16. The apparatus of claim 1, wherein the processor circuit is configured to:
determine, based on a corresponding risk area of interest, a risk level of each of the objects of interest positioned in a lane adjacent to and in opposite direction from a current lane in which the vehicle is driving,
select, based on the determined risk level of each of the objects of interest, an escape target position of the vehicle, and
determine, based on a preset acceleration value, an acceleration value and a deceleration value for the vehicle to reach the escape target position.

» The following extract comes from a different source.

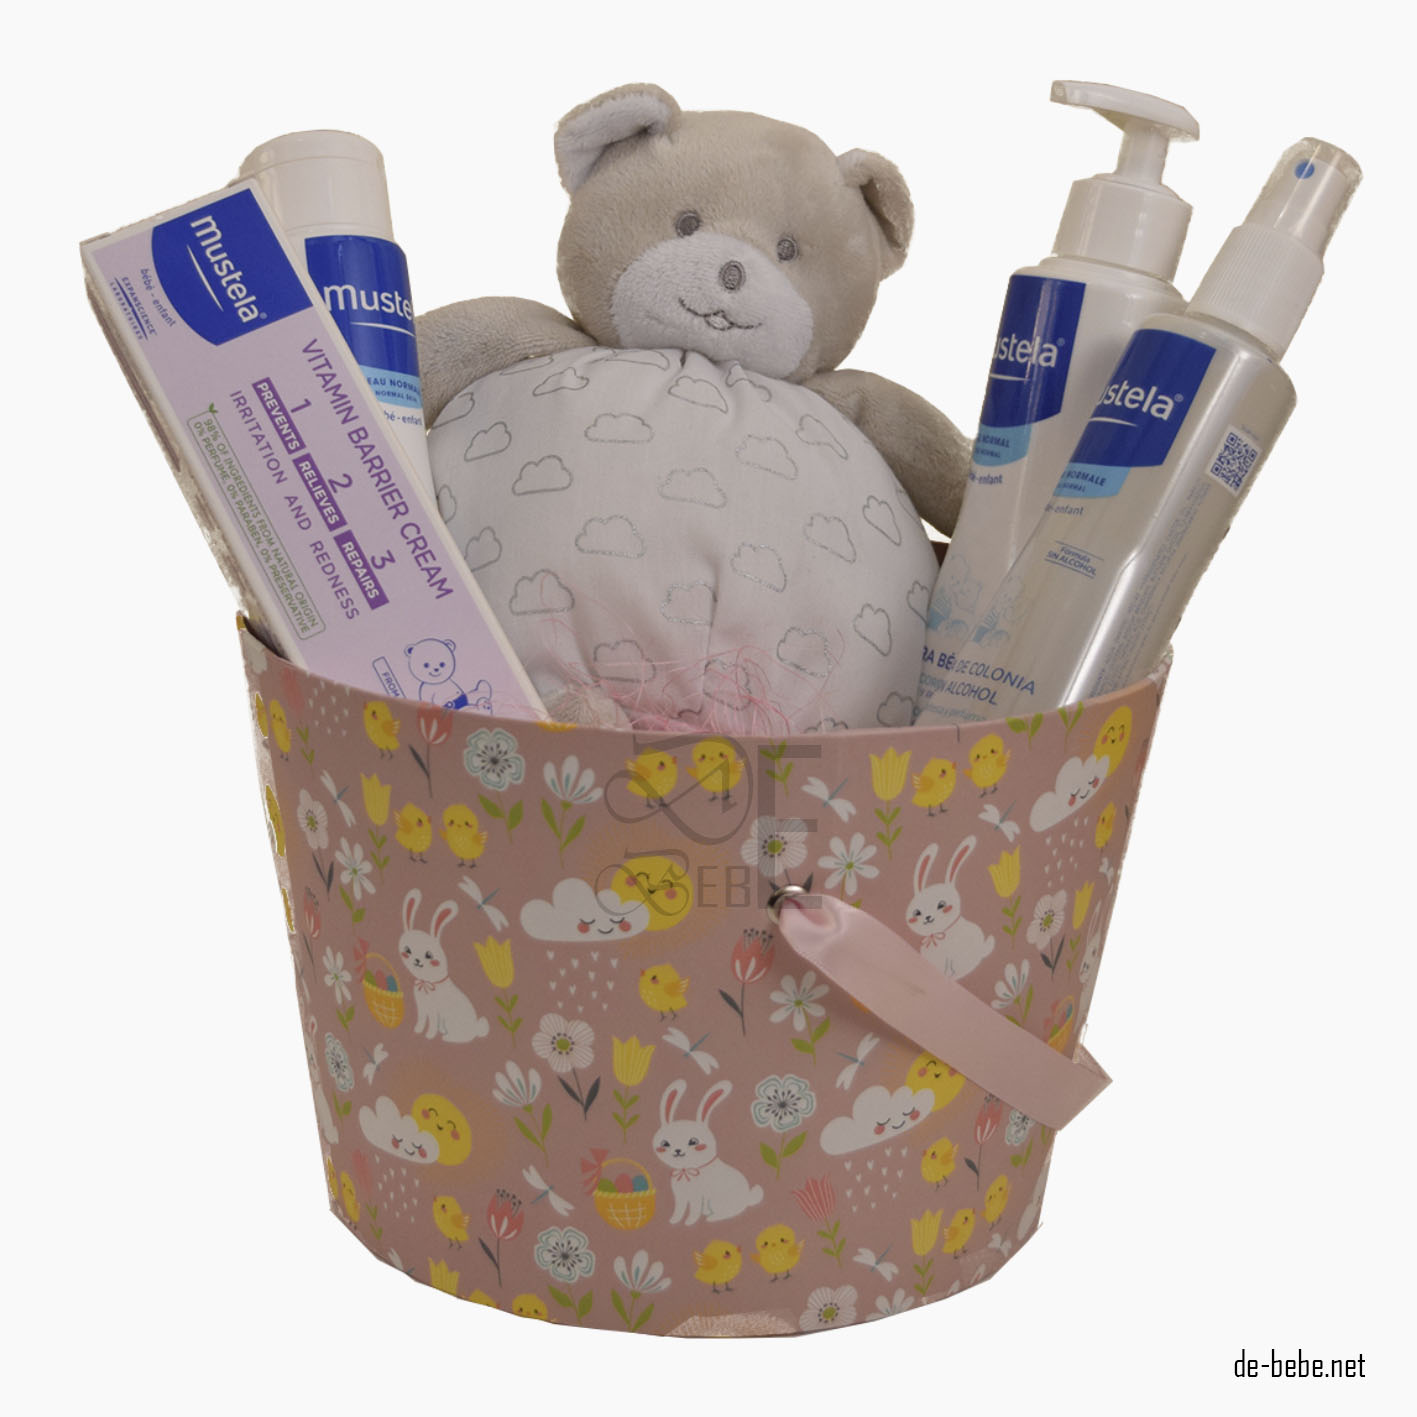 Canastillas y cestas de bebé para regalar - Mustela

17. The apparatus of claim 16, wherein the processor circuit is configured to:
determine that an object of interest is at a high risk based on:
a minimum distance between a lane in a direction of the vehicle and the object of interest in a lane occupied by the object of interest being less than a first threshold, and
a vertical distance between a center of the lane occupied by the object of interest and a center of the object of interest exceeding a second threshold.

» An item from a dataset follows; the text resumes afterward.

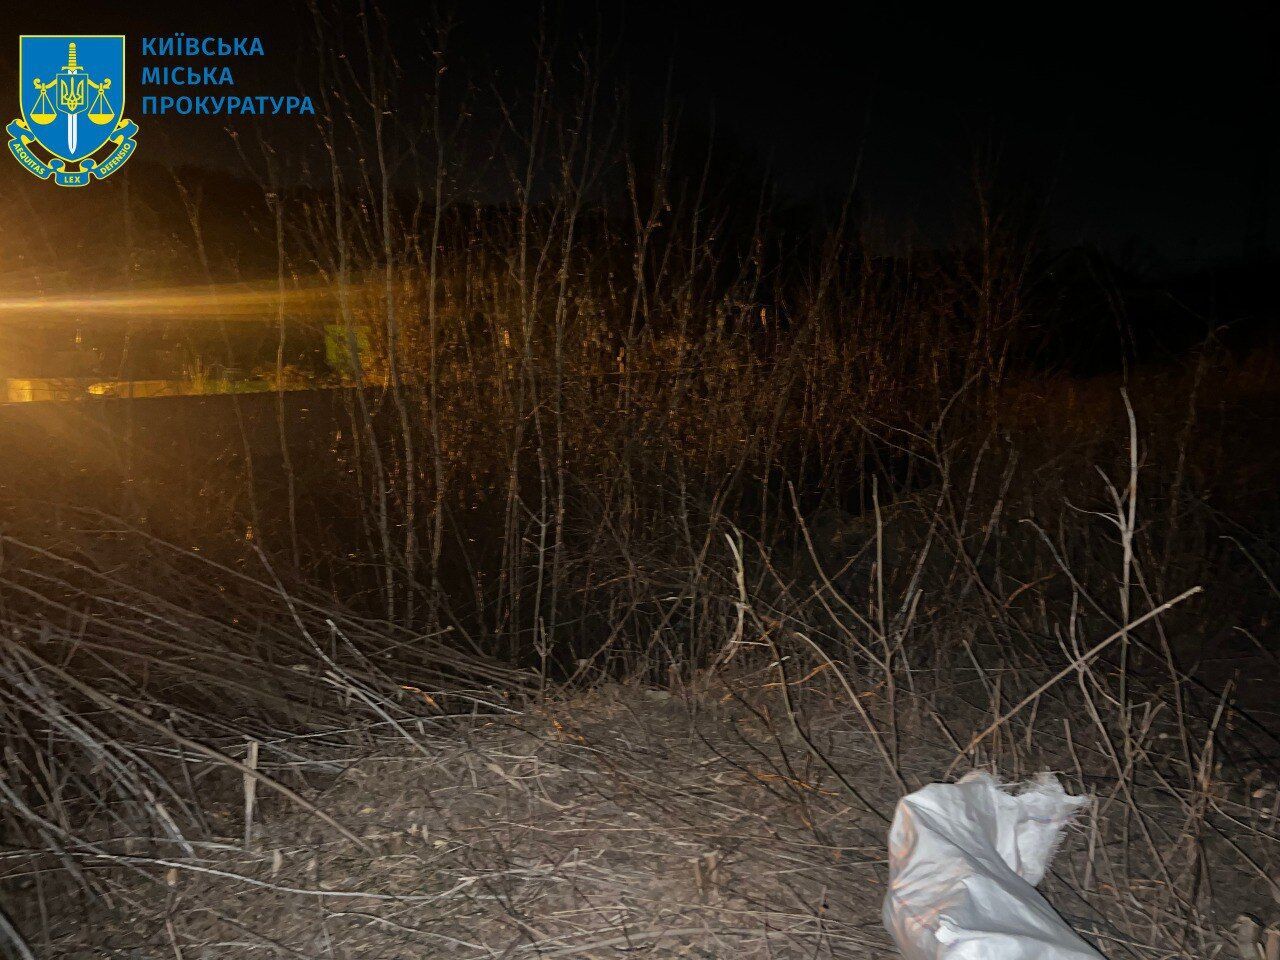 В Киеве работник частной ритуальной службы выбросил на пустырь урны с прахом умерших. Подробности дела

18. The apparatus of claim 16, wherein the processor circuit is configured to:
based on absence of an object of interest having a risk level exceeding a threshold, select, as a point of the escape target position, a position where the vehicle exits the blind spot after a predetermined time period, and
based on presence of an object of interest having a risk level exceeding the threshold, select, as a point of the escape target position, a position corresponding to a rear bumper of the object of interest having a risk level exceeding the threshold after the predetermined time period, to prevent the vehicle from passing adjacent to the object of interest having the risk level exceeding the threshold.
19. An apparatus of a vehicle, the apparatus comprising:
a processor; and
a memory storing at least one instruction that, when executed by the processor communicating with the memory, is configured to cause the apparatus to:
receive information related to positions and speeds of a plurality of vehicles within a threshold distance from the vehicle;
determine whether the vehicle is located within a blind spot of at least one of the plurality of vehicles, wherein the blind spot corresponds to an area within a threshold range of angles extending rearward from a side mirror of the at least one of the plurality of vehicles;
identify, based on a speed difference between the vehicle and each of the at least one of the plurality of vehicles, a risk area of interest for each of the at least one of the plurality of vehicles;
output, based on the risk areas of interests, a signal indicating a target position for exiting the blind spot; and
control, based on the signal, driving of the vehicle to move toward the target position.
20. A method performed by an apparatus of a vehicle, the method comprising:
receiving information related to positions and speeds of a plurality of vehicles within a threshold distance from the vehicle;
determining whether the vehicle is located within a blind spot of at least one of the plurality of vehicles, wherein the blind spot corresponds to an area within a threshold range of angles extending rearward from a side mirror of the at least one of the plurality of vehicles;
identifying, based on a speed difference between the vehicle and each of the at least one of the plurality of vehicles, a risk area of interest for each of the at least one of the plurality of vehicles;
outputting, based on the risk areas of interests, a signal indicating a target position for exiting the blind spot; and
controlling, based on the signal, driving of the vehicle to move toward the target position.